Ginia Bellafante del New York Times afferma che New York City, una volta considerata un luogo sicuro in cui vivere come ebrei, non è più così. Bellafante afferma che, secondo il NYPD, gli attacchi antisemiti costituivano più della metà dei crimini d'odio a New York nel 2018. Aggiunge che, poiché l'antisemitismo diventa mainstream, sarà visto come un problema tutt'altro che grave a New York.

In risposta ai crescenti incidenti antisemiti, l'OSCE (Organizzazione per la sicurezza e la cooperazione in Europa) ha pubblicato un rapporto di 89 pagine che affronta i crimini di odio e le preoccupazioni e le esigenze di sicurezza della comunità ebraica globale. Questa analisi dei crimini contro gli ebrei è stata scritta come un modo per sensibilizzare i governi su come e perché l'antisemitismo è dannoso non solo per gli ebrei, ma per la comunità nel suo insieme, sottolineando che "Ogni incidente antisemita invia un messaggio di odio ed esclusione al popolo e alle comunità ebraiche ... "

Martin Niemöller

Prima sono venuti per i socialisti e non ho parlato apertamente perché non ero un socialista.

Poi vennero per i sindacalisti e io non parlai apertamente perché non ero un sindacalista.

Poi vennero per gli ebrei e io non parlai apertamente perché non ero ebreo.

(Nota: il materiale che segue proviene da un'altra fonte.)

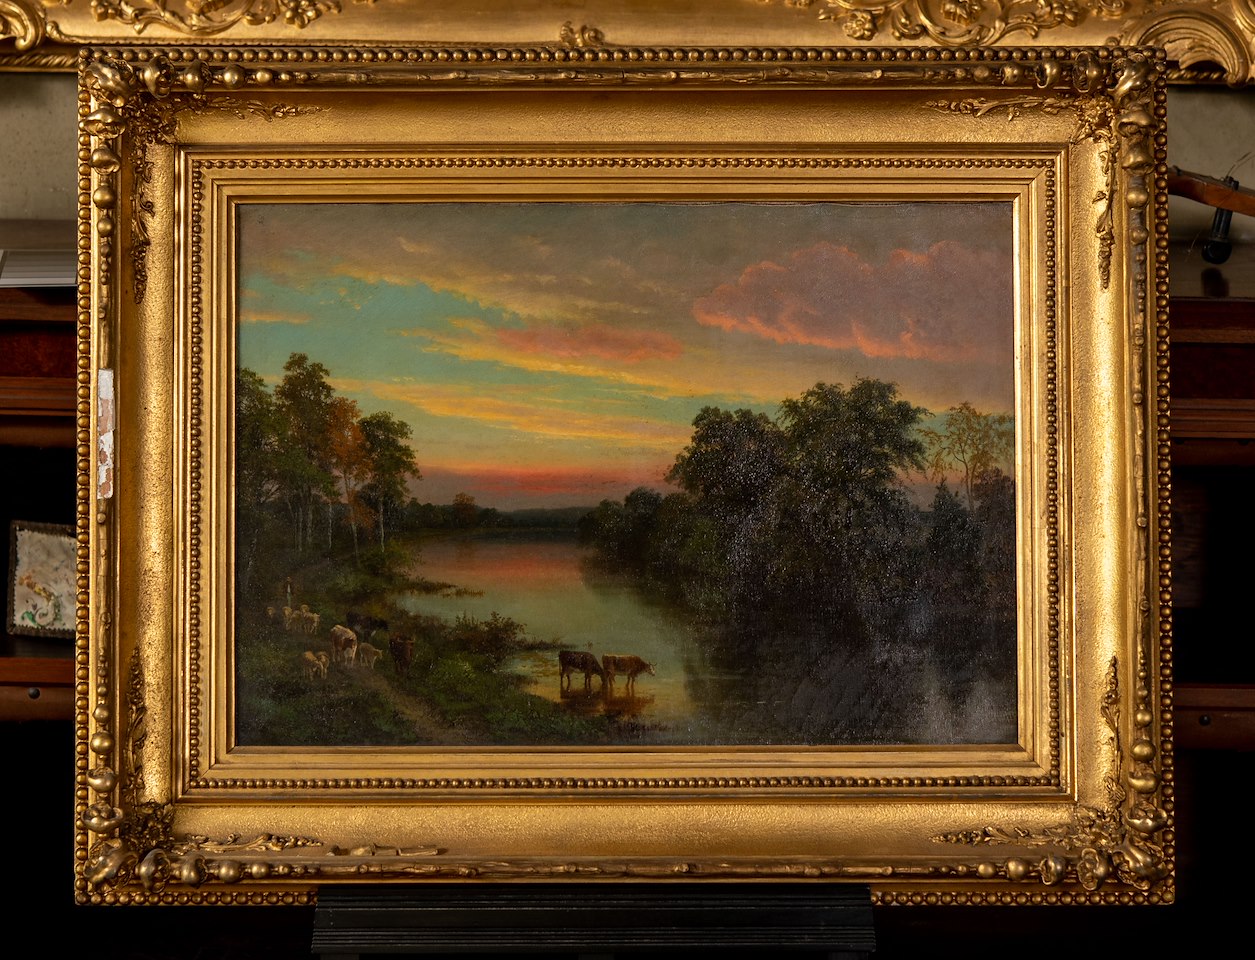 Painting of sunset over river with figure driving a herd of cattle on a tree-lined path

Poi sono venuti per me e non era rimasto nessuno a parlare per me.

Come osserva l'OSCE, non sono solo gli ebrei che devono preoccuparsi dei crimini di odio antisemiti, ma tutti noi che lottiamo per vivere insieme in una società contemporanea, pacifica e tollerante.

fonti

  • Redattori, History.com. "Antisemitismo." History.com, A&E Television Networks, 1 marzo 2018, www.history.com/topics/holocaust/anti-semitism.
  • Reich, Walter. "Cancellare l'Olocausto." Il New York Times, The New York Times, 11 luglio 1993, www.nytimes.com/1993/07/11/books/erasing-the-holocaust.html.
  • "Comprendere i crimini dell'odio antisemita e rispondere ai bisogni di sicurezza delle comunità ebraiche: una guida pratica". Storia | OSCE, www.osce.org/odihr/317166.
  • Museo del memoriale dell'Olocausto degli Stati Uniti, "Antisemitismo nella storia" encyclopedia.ushmm.org/content/en/article/antisemitism-in-history-from-the-early-church-to-1400.